Famous natives have included:
- James Chichester-Clark, a direct descendant of the Dawsons, who was the Prime Minister of Northern Ireland from 1969 to 1971.
- Marian Donnelly, former President of the Workers' Party, was born in Castledawson in 1938.
- Ciaran Gribbin, singer-songwriter and producer
- Seamus Heaney, Irish poet, playwright and translator, was born near Castledawson in 1939.

==Transport==
Castledawson railway station opened on 10 November 1856, closed for passenger traffic on 28 August 1950, and finally closed altogether on 1 October 1959.

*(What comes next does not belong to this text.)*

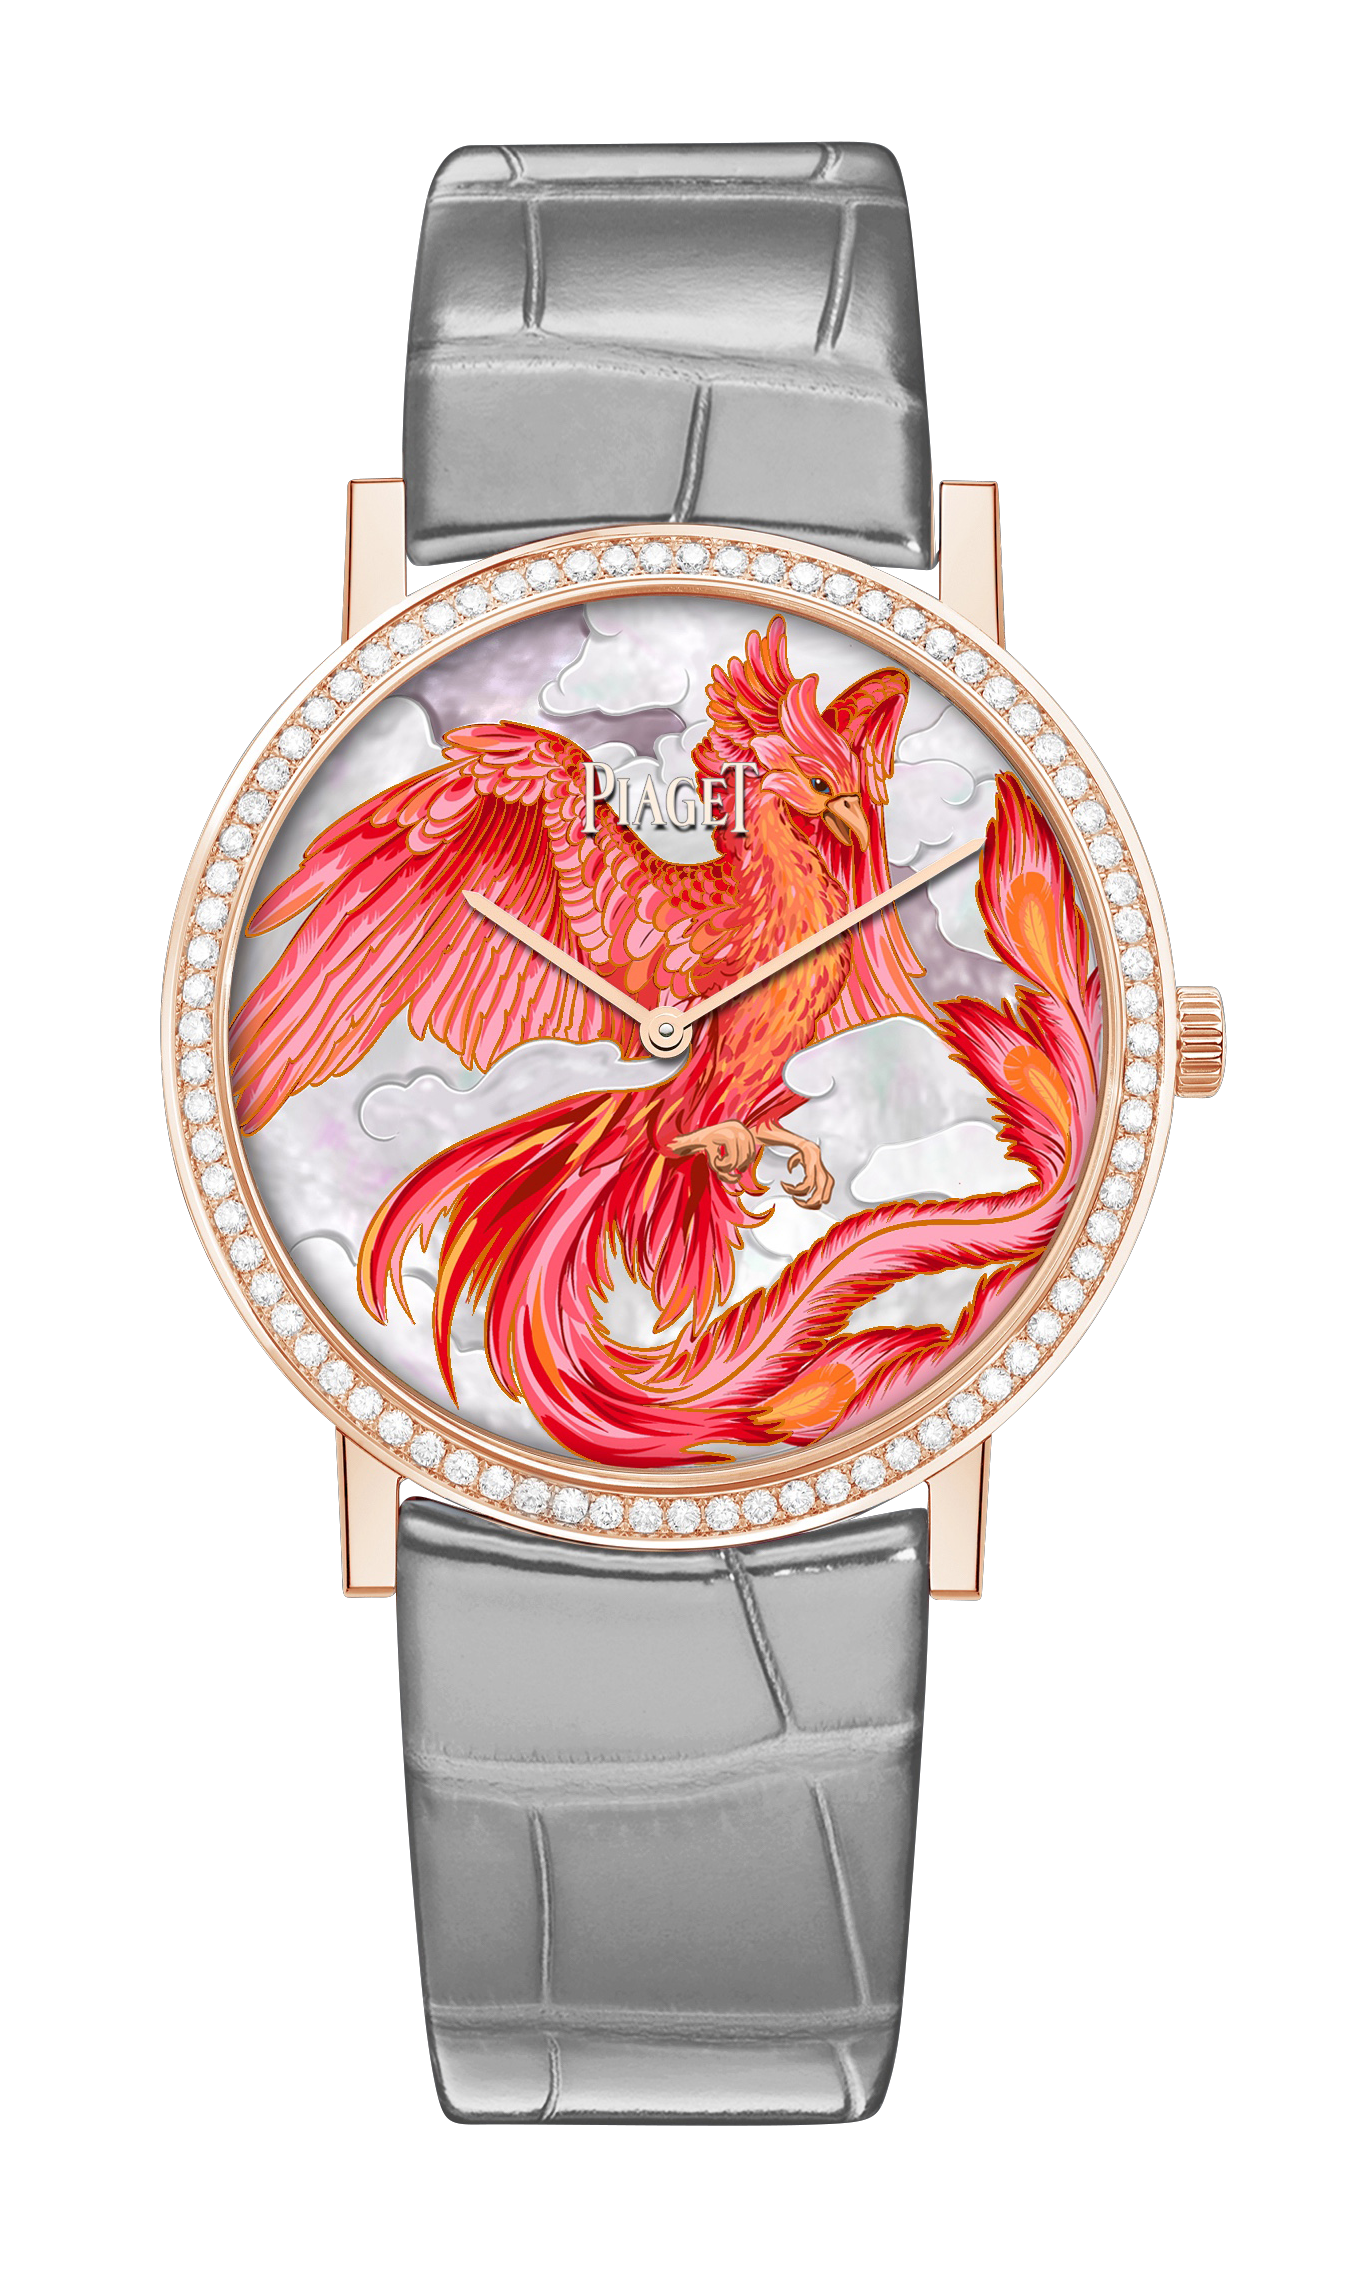 Piaget Lunar New Year Collection Lights Up With The Dragon And Phoenix

The main A6 Belfast to Derry road passed through Castledawson from 1971, when the nearby Castledawson roundabout was built, in anticipation of the completion of the M22, which was never forthcoming, until 1992, when it was finally bypassed by a single-carriageway A6 upgrade.
This section is currently being dualled, marking the end of a 47-year wait for the high-quality bypass it was promised, all those decades ago.

==Education==
- Castledawson Primary School
- New Row Saint Patrick's Primary School

==Sport==
Castledawson is home to the association football club Moyola Park, the Gaelic Athletic Association club St Malachys G.A.C. Castledawson and the eighteen hole Moyola golf club.

==2011 census==
According to the 2011 census, Castledawson has 3,329 residents. 53.44% of the Castledawson ward were Catholic, while 43.47% were Protestant.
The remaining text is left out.